* **Input data**:
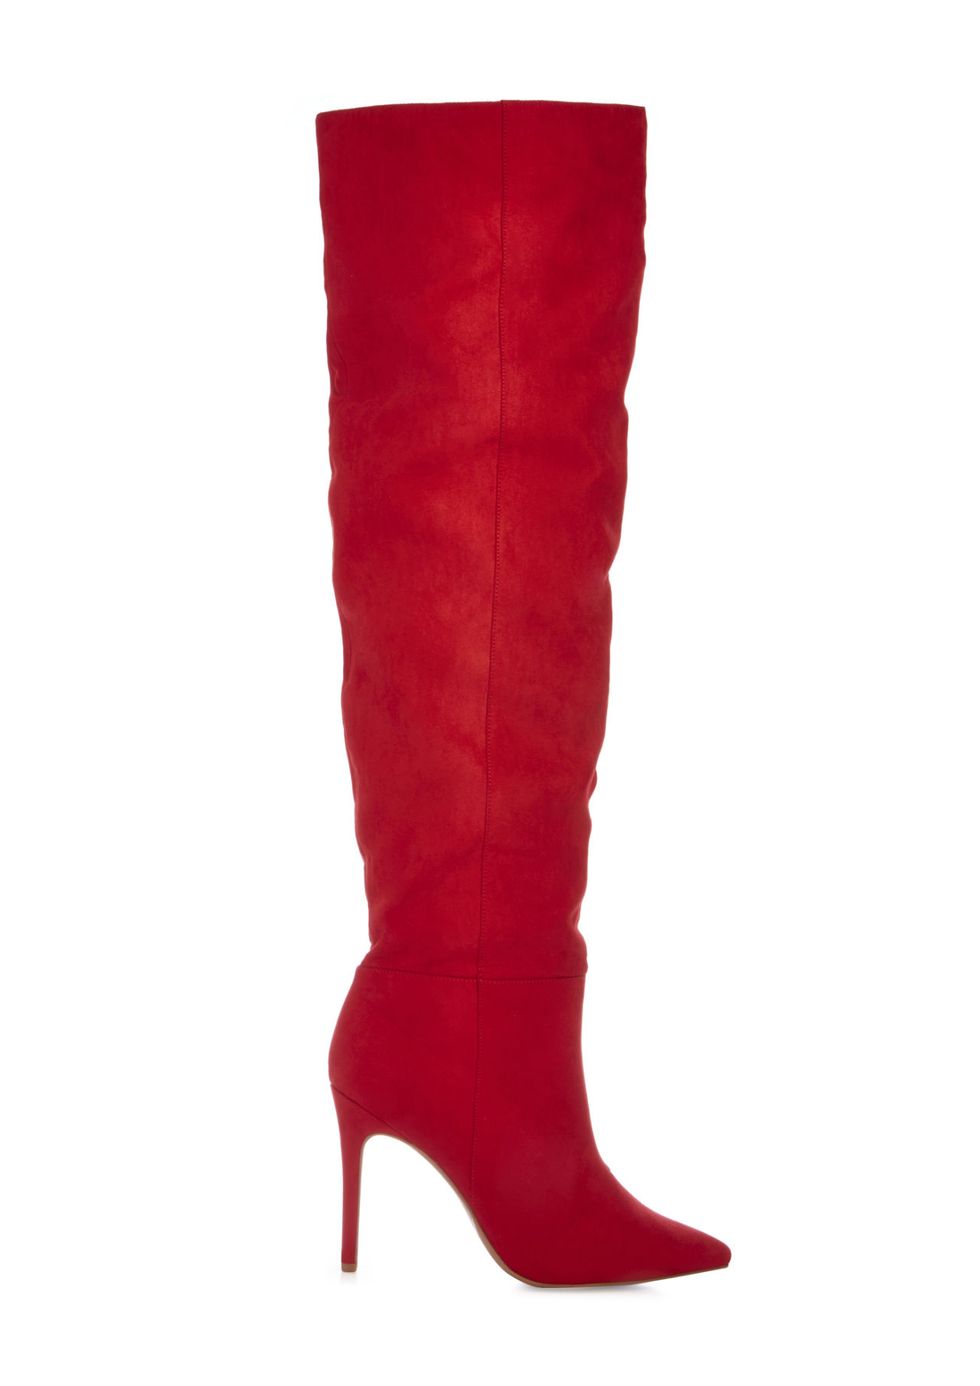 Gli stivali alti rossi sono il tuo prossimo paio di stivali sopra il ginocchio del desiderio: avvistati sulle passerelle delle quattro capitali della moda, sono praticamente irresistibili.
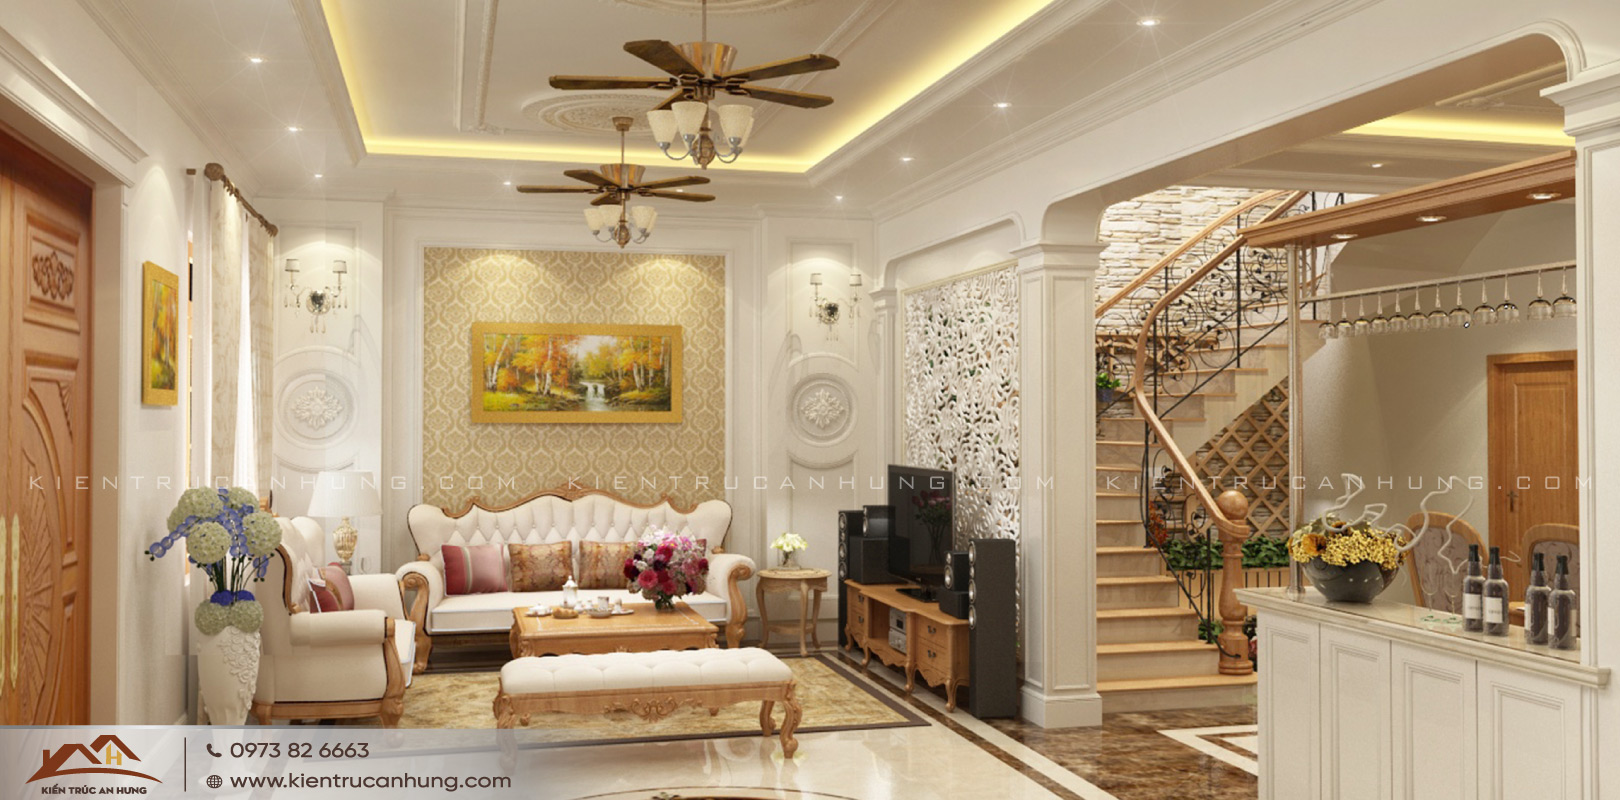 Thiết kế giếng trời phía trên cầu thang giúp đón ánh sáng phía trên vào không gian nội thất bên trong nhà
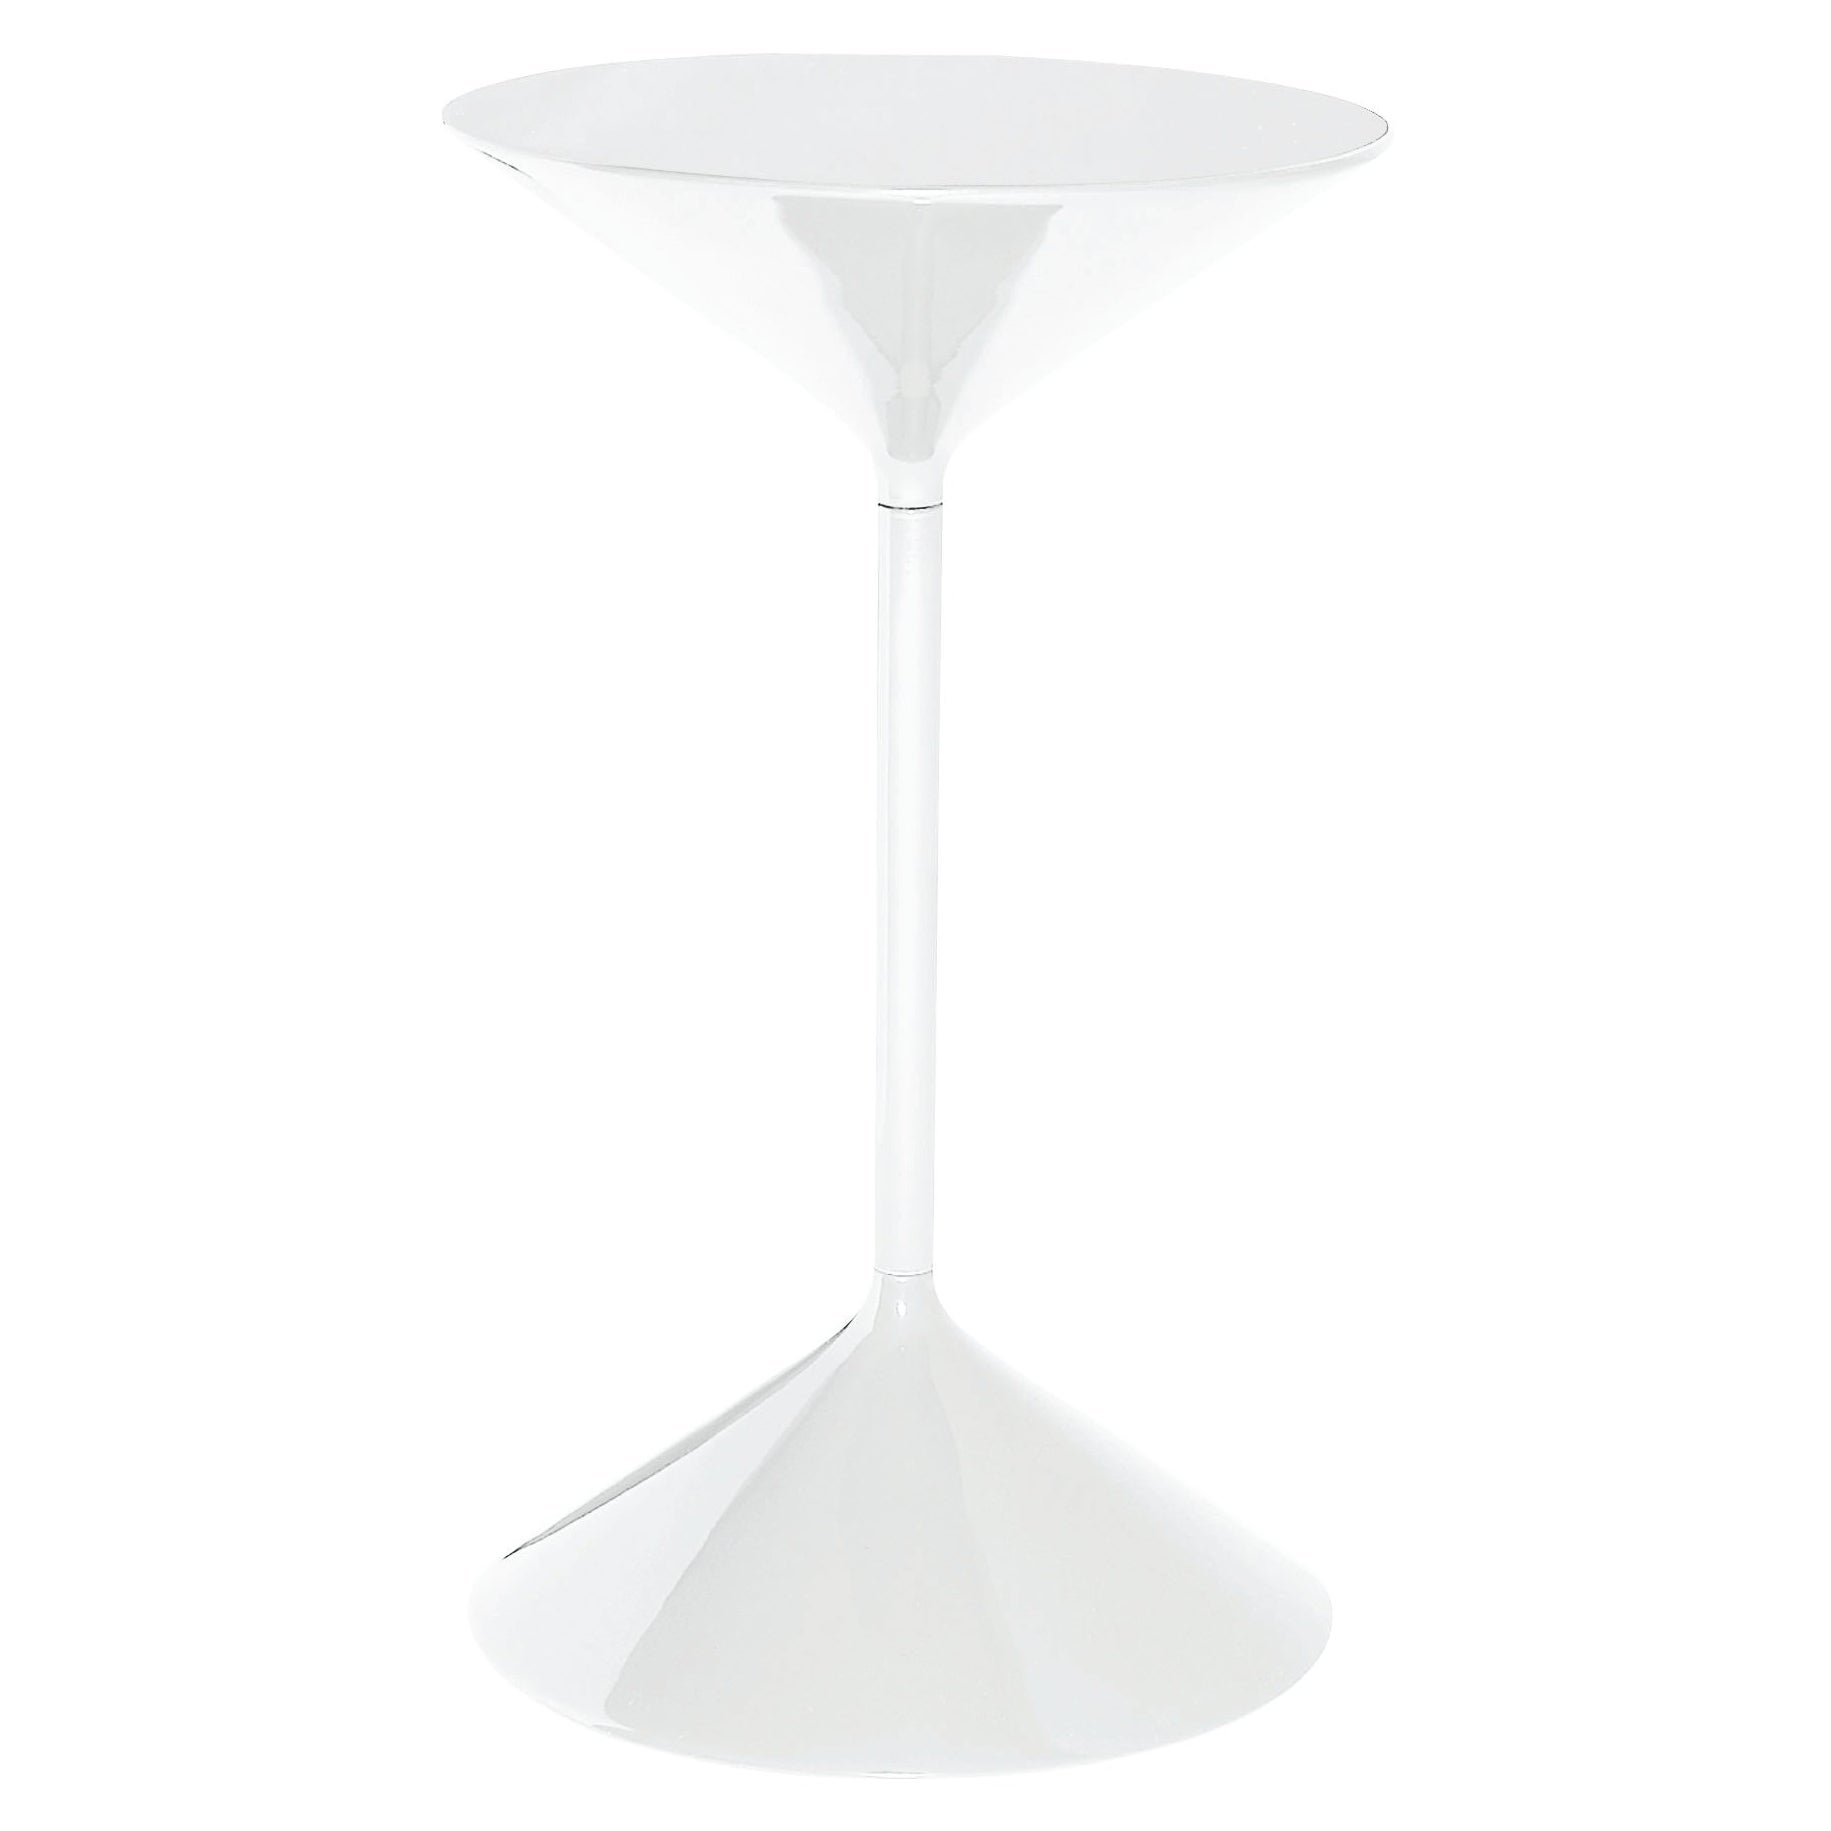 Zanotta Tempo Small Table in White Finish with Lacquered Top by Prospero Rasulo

* **What to produce**:
Starting where a line contains "Thiết kế giếng" and finishing at the last line above, set down every line exactly as it reads, with no pictures.

* **Expected answer**:
 Thiết kế giếng trời phía trên cầu thang giúp đón ánh sáng phía trên vào không gian nội thất bên trong nhà
 Zanotta Tempo Small Table in White Finish with Lacquered Top by Prospero Rasulo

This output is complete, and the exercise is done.